Editor’s note: At about 2.5 hours, Bryant’s partner interjected to end the interview.
Bryant: Look, should I have caught some of that? Absolutely. Did I do anything wrong? No.
Bryant’s partner asked to clarify a previous question about whether the former governor should be held accountable for the MDHS scandal.
MT: What is your role? How much are you responsible for what happened at MDHS — getting to the heart of that question.
Bryant: Look, I’ll take my responsibility. Yeah, I was the governor. I wish I had been able to catch it. The moment I did, I called in the state auditor. Not just for a check. That was just the beginning, but go everywhere.
I never called him and said, “Just look at this and don’t look at anything else.” We’re going to find that bill where we put an independent auditor in there.

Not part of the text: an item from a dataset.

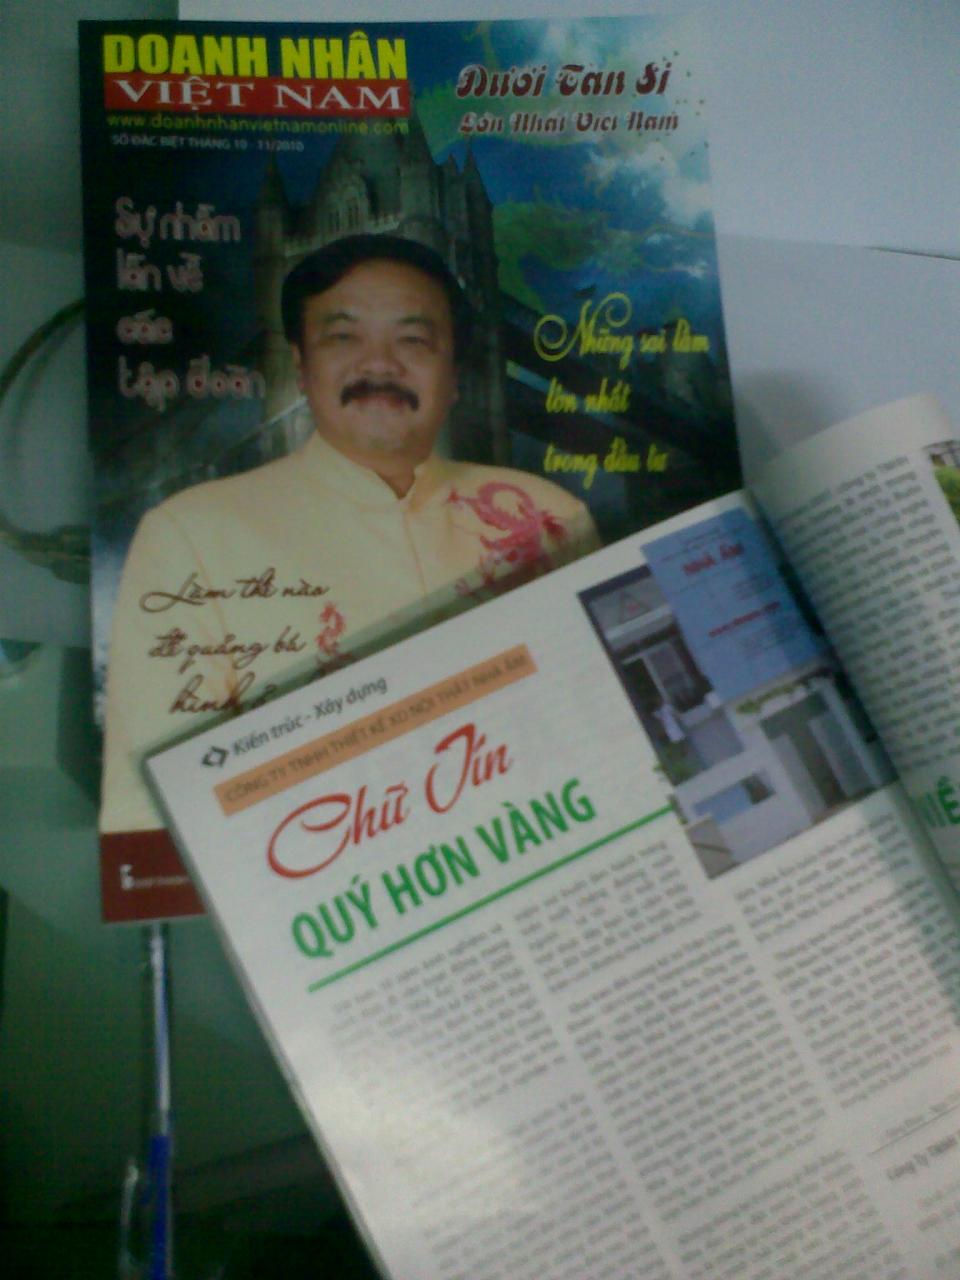 NHÀ ẤM trả lời phóng viên tạp chí Doanh nhân Việt Nam nhân chuyên đề ngày hội doanh nhân 13/10/2010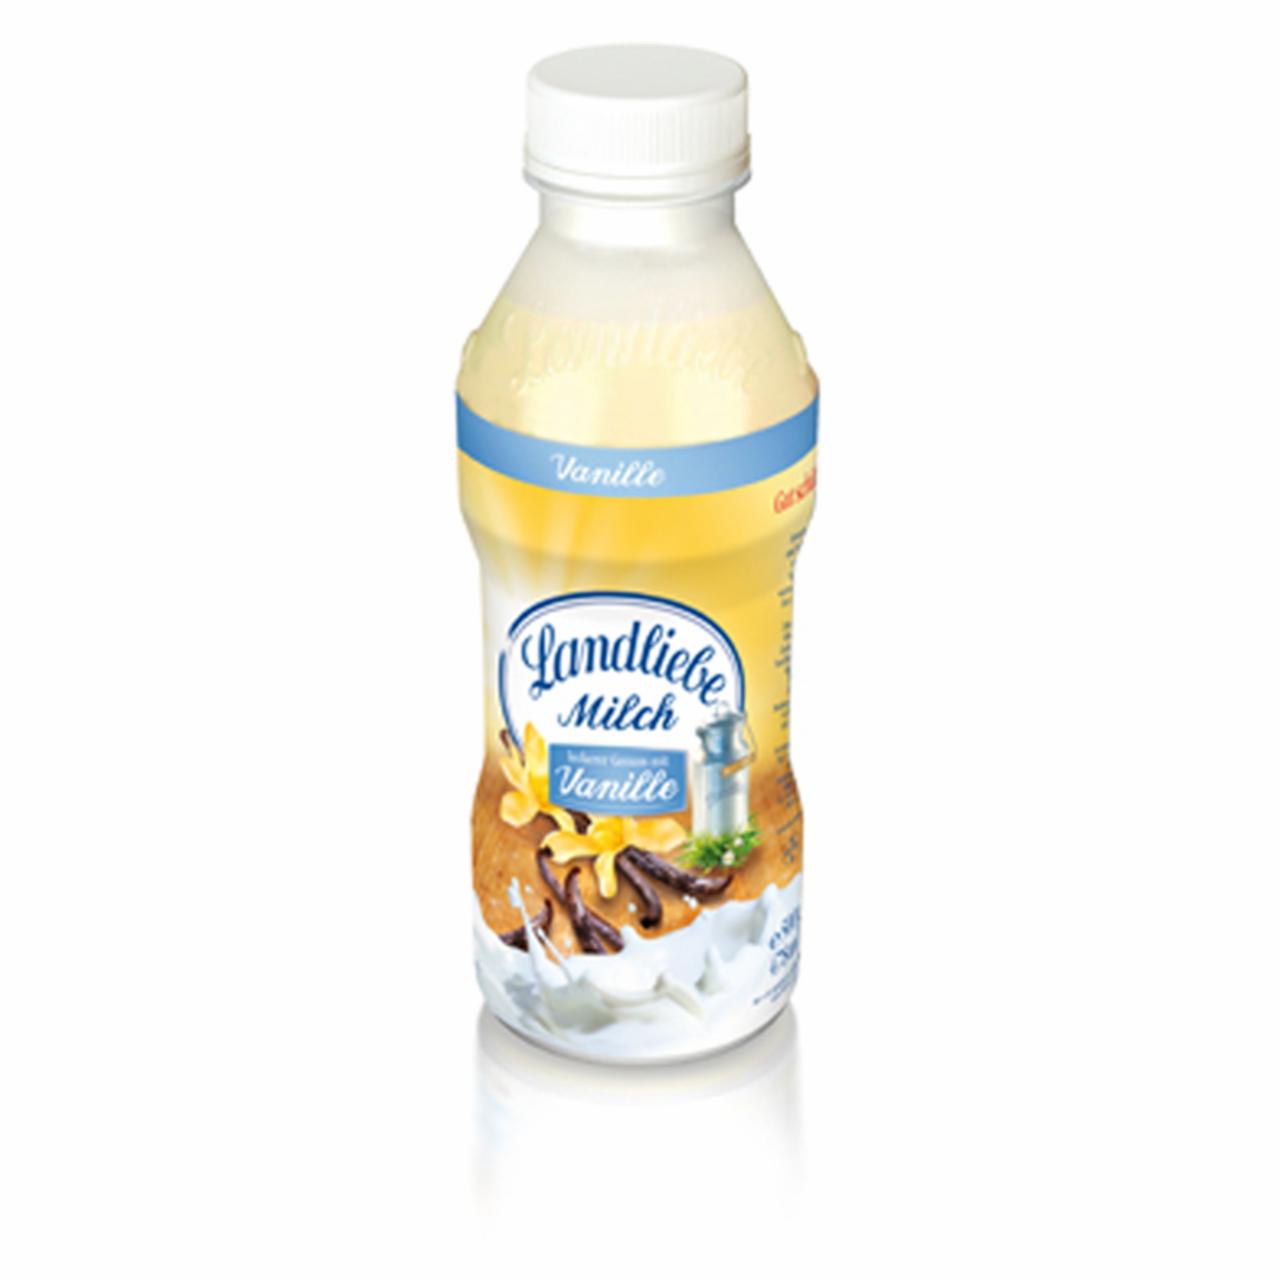 Képek - Landliebe vaníliás tej 500 g

But yeah, I’ll take responsibility if we’ll also recognize the good things that happened in this state while I was governor and the hard work we put into it. Deborah and I worked 12, 15 hours. No, you don’t want to say that. We were thankful to be able to do it. But Joey (Songy, former chief of staff, current business partner) will tell you, I mean, we worked 15 hours a day. It wasn’t to try to get rich. It was because we cared about the people in the state of Mississippi, and we wanted them to do better.
Did we, did I miss some things? Absolutely. And could I go back? I would bet, dare to say, that at some point in your organization, somebody would have said, “I wish we would have caught that. We missed that.” Things happen. Bad things happen, good things happen. You can’t control every one of them. You hope and pray.
And I’m a man of faith, Anna, of strong faith. I don’t go about that using it, but I would do nothing to violate my faith, my strong belief that I have a savior and he’s forgiven me and continues to forgive my sins and my failures. And to throw all of that away over, what, some paper stock? I don’t, I don’t think so. That just wouldn’t happen.
Thank y’all, gotta go see my grandchildren. They think Papa’s a pretty good guy.